Leaf variegation (Figs. 1A and 1C) in the new cultivar is more uniformly distributed than in ‘Dr. Moy’ or its two variants, ‘Tahitian Flame’ and ‘Vanilla Ice’. Furthermore, this variegation is very stable. Among the hundreds of plants produced through divisions during the last 4 years, not one plant reverted back to a non-variegated state. In contrast, ‘Vanilla Ice’ sometimes produces reverted green shoots necessitating periodical removal (Carey and Avent, 2010). Like its parent, H. muluense (Fig. 1B), plants of ‘Ramata’ (Fig. 1A) can grow on average 71.6 ± 2.4 cm tall compared with most Hedychium species and cultivars, which can easily reach 1.5 to 2 m tall or more. It combines both dwarfism and variegation, two highly desired but rare traits in Hedychium plants. Additionally, a potted ‘Ramata’ plant produces multiple pseudostems originating from the rhizome, giving it a compact appearance (Fig. 1A). It is well suited to a variety of landscape uses such as a specimen plant, a contrast plant in mixed planters, and in smaller gardens. Like those of the parent plant, flowers of the variegated form are mildly fragrant. This fragrance is not as overpowering as that of some other Hedychium species such as H. coronarium J. Koenig.

Nuclear DNA content, genome size, and base pair composition.

In an attempt to determine the possible cause(s) of leaf variegation in the new cultivar, several factors were investigated, including nuclear DNA content, genome size, base pair composition as well as chloroplast numbers, stomatal length and width. Nuclei from young leaves collected from five Hedychium ‘Ramata’ and five H. muluense plants were extracted, stained with fluorochromes 4′, 6-diamidino-2-phenylindole (DAPI) or propidium iodide (PI), and analyzed (minimum 3000 nuclei per sample). Fluorescence ratios, calculated relative to the internal reference Zea mays (cv. CE-777, 2c = 5.43 pg), were converted to DNA content values and expressed in pictograms (pg) and megabase pairs (Mbp) following the formula: genome size (Mbp) = (978 × 109) × DNA content (pg) (Doležel et al., 2003; Doležel and Greilhuber, 2010). Base pair composition was calculated following the equation AT% = AT% for internal standard × [(fluorescence internal standard, DAPI/fluorescence sample, DAPI) ÷ (fluorescence internal standard, PI/fluorescence sample, PI)](1/binding length) (Godelle et al., 1993), where AT% of the internal standard, Zea mays = 51.1%, and binding length of DAPI ≈3.5 bp (Meister and Barrow, 2007). Data for nuclear DNA content, genome size, and base pair composition as well as for chloroplast numbers and stomatal length and width were analyzed using SAS software (Version 9.3; SAS Institute Inc., Cary, NC), and differences between means were determined according to Student’s t test (P ≤ 0.05).
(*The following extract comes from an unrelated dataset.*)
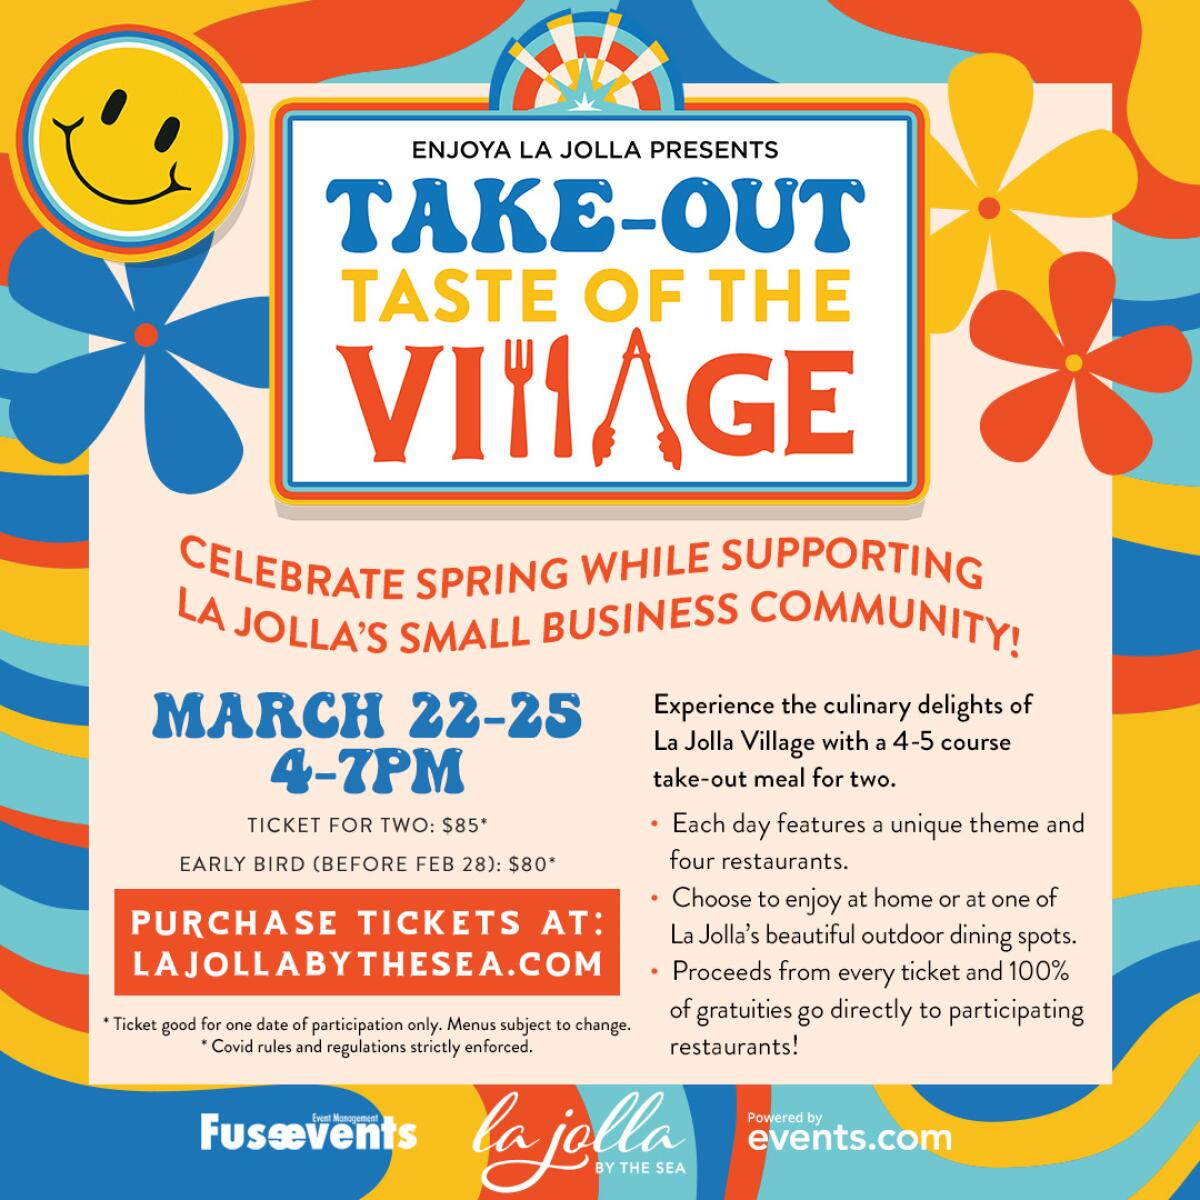 Take-Out Taste of The Village poster art

No significant differences (P ≤ 0.05) were found between the new cultivar Ramata and the original plant for nuclear DNA content, genome size, and base pair composition. The mean DNA content, genome size, and AT% for H. ‘Ramata’ were 2.1 pg, 2049.9 ± 3.4 Mbp, and 46.9% ± 0.1%, respectively, and those for H. muluense were 2.1 ± 0.0 pg, 2047.3 ± 7.1 Mbp, and 46.7% ± 0.1%, respectively. Leaf variegation in ‘Ramata’ is highly stable, suggesting this variegation is likely of periclinal origin.

Chloroplast numbers and stomatal length and width.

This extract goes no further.